To what extent is the spread of artemisinin resistance across Southeast Asia due to the geographical migration of resistant parasites as opposed to multiple origins of resistance in different locations? Multiple origins are clearly an important factor, as we observed a wide repertoire of kelch13 resistance alleles, most of which appeared to be localized in their geographical distribution (Supplementary Table 15). A notable exception was the k13-C580Y allele, present in 16% of the 1,612 samples in this study and observed at 3 locations in WSEA and 7 locations in ESEA. A simple reconstruction of haplotypes in the genomic flanking regions extending 100 kb on either side of the kelch13 sequence encoding the propeller region showed a wide variety of haplotypic backgrounds surrounding the different resistance alleles (Fig. 5a). In our data set, most resistance alleles were associated with one or more unique haplotypes, suggesting that they have originated from separate mutational events. In some cases, the same kelch13 allele was accompanied by different haplotypes, which may indicate that some mutations might have emerged independently multiple times, as recently suggested by another analysis17.

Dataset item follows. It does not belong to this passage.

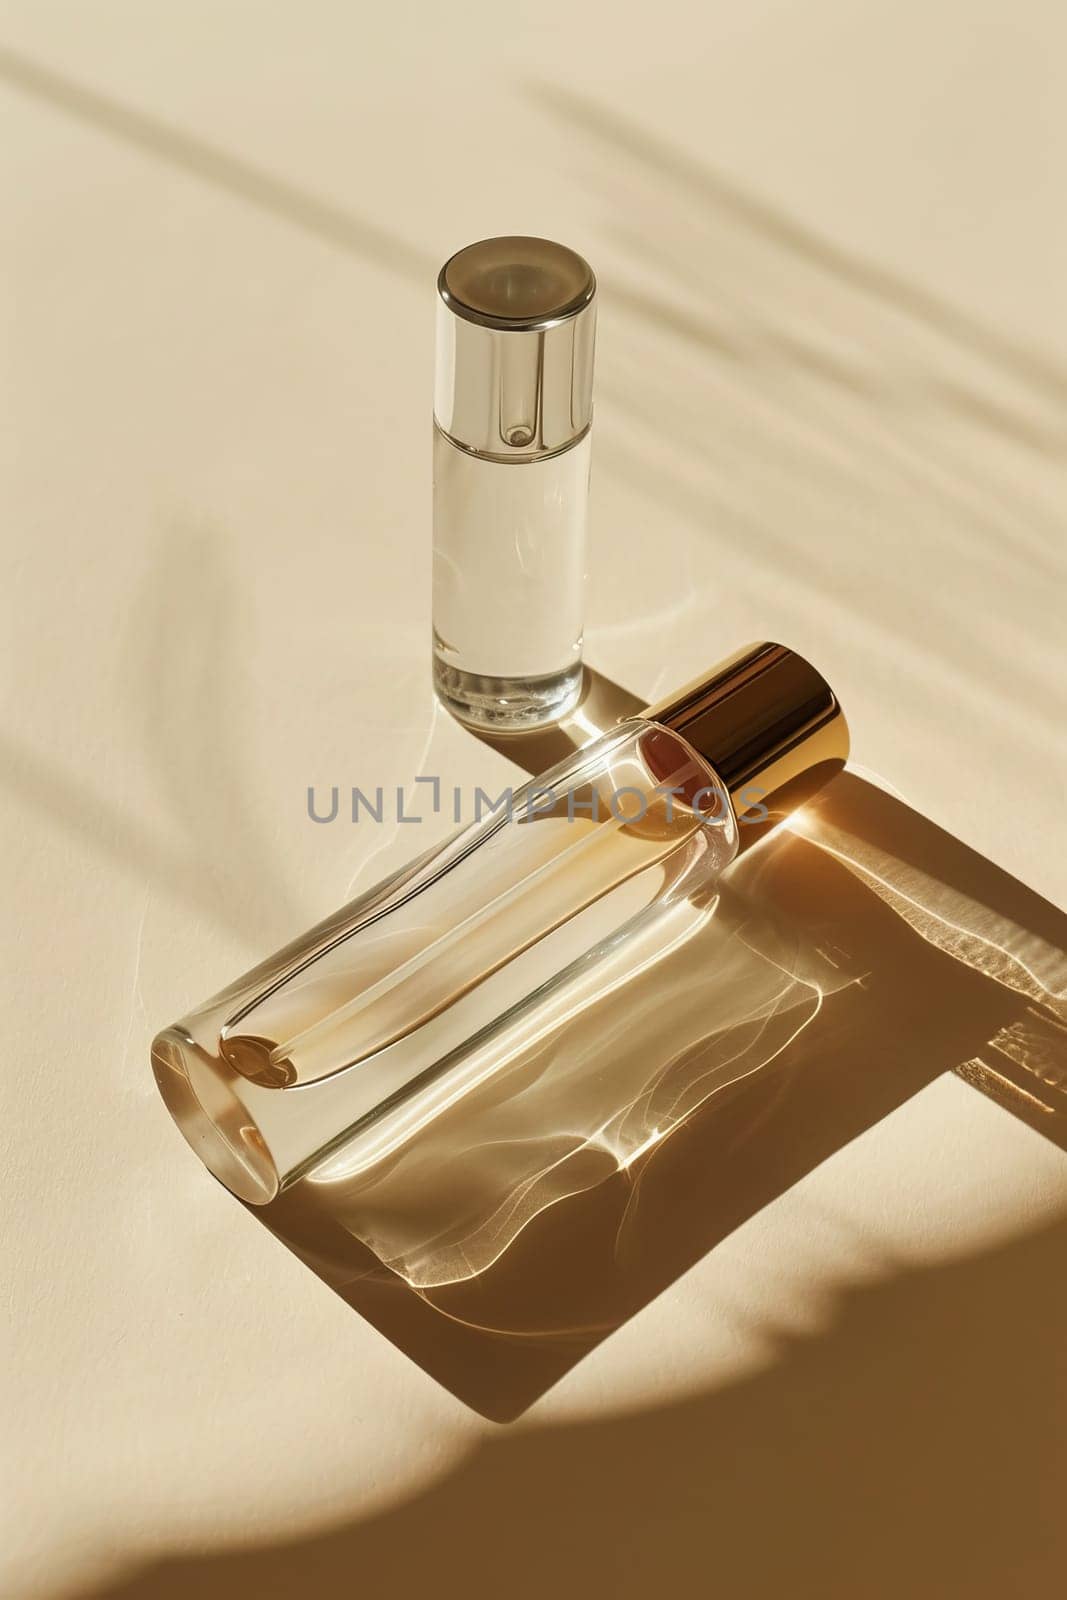 Mock up Luxury perfume bottle and luxury background.

To assess whether parasite migration has had a major role alongside independent emergence, we performed a more detailed demographic analysis. For each pair of kelch13-mutant samples, we estimated the longest common haplotype length (LCHL), that is, the nucleotide distance on either side of the kelch13 gene over which the samples' haplotypes were identical. These estimates were then used to cluster samples that were likely to share the same recent demographic history (Fig. 5b). Samples carrying less common kelch13 mutations tended to cluster by allele, as expected if each of these clusters originated from a different recent evolutionary event. In contrast, the majority of samples carrying the most common allele (k13-C580Y) formed a large branch comprising several clusters, consistent with a common origin of the k13-C580Y alleles shared by different subpopulations in Cambodia. However, we observed two separate clusters of Cambodian k13-C580Y mutants, whose flanking haplotypes were similar to those of parasites carrying other kelch13 mutations (k13-R529T and k13-I543H, encoding p.Arg529Thr and p.Ile543His substitutions, respectively), suggesting that this allele might have emerged independently multiple times in ESEA. We also found that k13-C580Y mutants in western Thailand occupied a separate branch from those in ESEA and shared core haplotypes with other WSEA mutants, suggestive of an independent mutational event, a conclusion supported by the short length of the haplotype shared by ESEA and WSEA parasites (Supplementary Fig. 7). For a number of the most common alleles (k13-C580Y, k13-I543T, k13-Y493H and k13-R539T), we found clusters containing ESEA parasites from more than one country (Cambodia, Vietnam and eastern Thailand), indicating that mutants have crossed international borders, at least within this region (Supplementary Fig. 8). However, we found no evidence that k13-C580Y mutants from ESEA might have migrated to the WSEA region or vice versa, consistent with the observation that k13-C580Y mutants are genetically more similar to samples from their own geographical region than to k13-C580Y mutants in other regions (Supplementary Fig. 9).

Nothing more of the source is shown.